Architecture and Security Design
The Secure Notes API is designed as a small but realistic example of a security-aware backend service. The application allows authenticated users to store and retrieve personal notes while ensuring that sensitive information is protected using modern security practices. The architecture intentionally emphasizes defensive design, clear data boundaries, and responsible credential management.
System Overview
The system consists of a REST API built with FastAPI, a lightweight and high-performance Python framework for building web services. The API exposes endpoints for user registration, authentication, and note management.
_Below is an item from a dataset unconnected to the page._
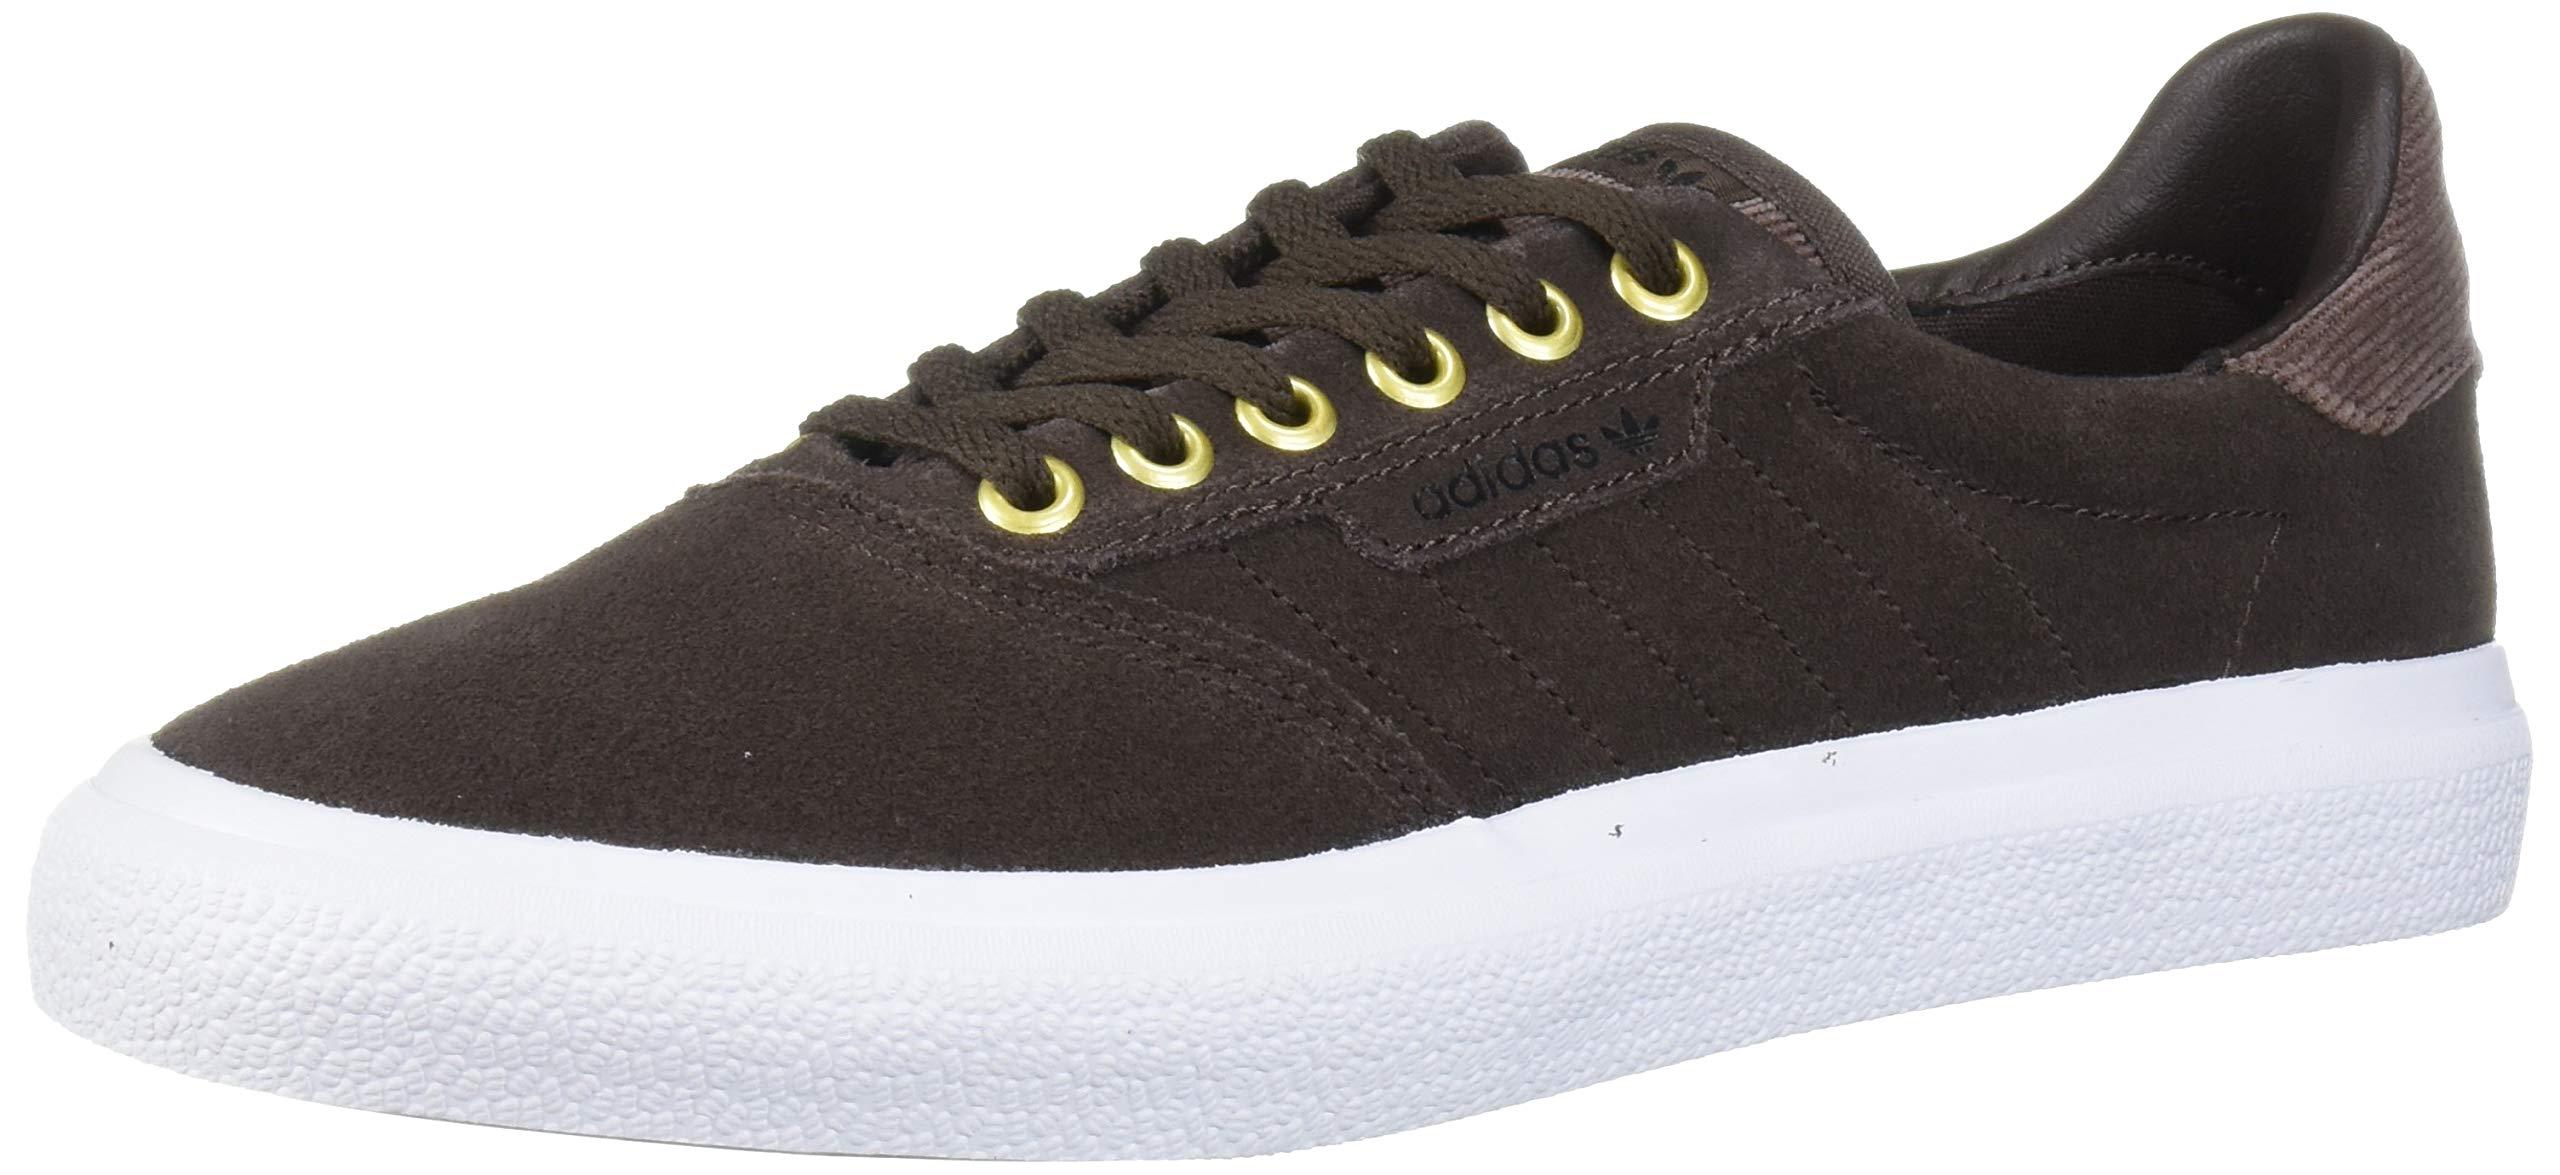 adidas Originals 3MC Sneaker, Brown/White/Gold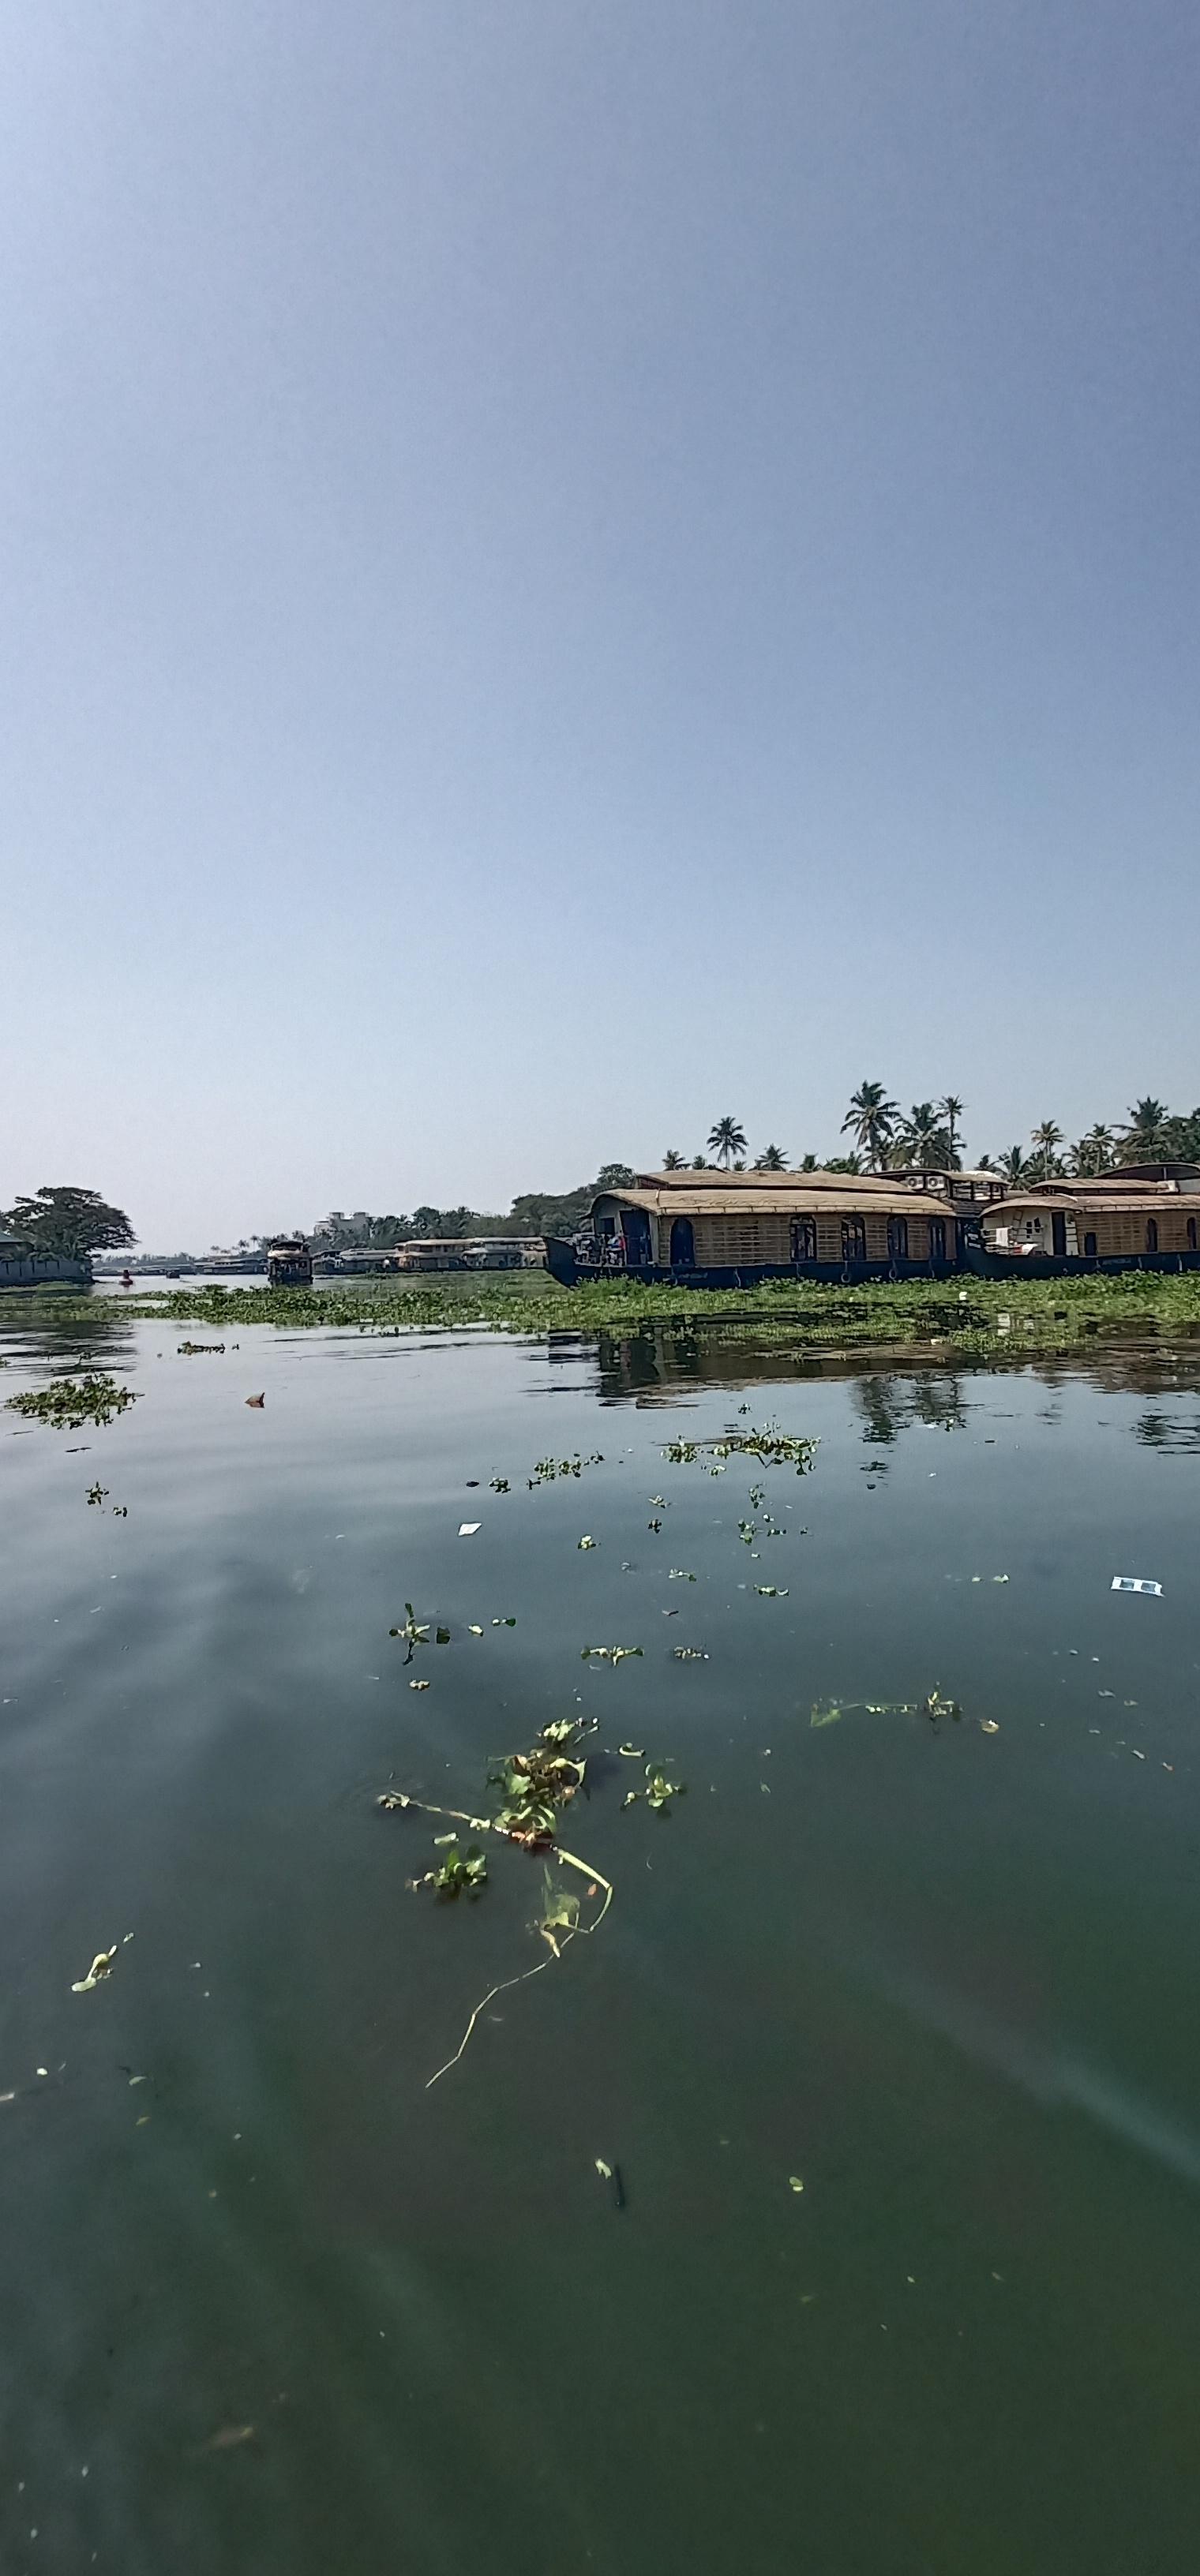 Alleppy_Backwaters_Kerala_houseboat_lake

Internally, the service separates authentication logic, encryption logic, database access, and API routing to maintain clean architectural boundaries.
At a high level, the workflow operates as follows:
A user registers or logs in using the authentication endpoints.
The system validates credentials and issues a signed JSON Web Token (JWT).
The client includes the token in future API requests.
Authenticated requests can create, retrieve, or delete notes.
Note content is encrypted before it is written to the database.
When a note is retrieved, the system decrypts the content before returning it to the user.
This flow ensures that authentication, authorization, and data protection occur at distinct stages of request processing.
Authentication Model
Authentication is implemented using JSON Web Tokens (JWT). After a successful login, the server generates a signed token that represents the authenticated user. The token includes a short expiration window and is verified on every protected API request.
Using token-based authentication provides several benefits:
Stateless authentication suitable for distributed systems
Clear separation between authentication and application logic
Reduced reliance on server-side session storage
Compatibility with modern API clients and microservices
The token payload contains the user identity and expiration timestamp, and the signature is verified using a server-side secret.
Password Security
User passwords are never stored in plaintext. Instead, they are processed using bcrypt hashing through the passlib library. Bcrypt is intentionally computationally expensive, which significantly reduces the effectiveness of brute-force password attacks.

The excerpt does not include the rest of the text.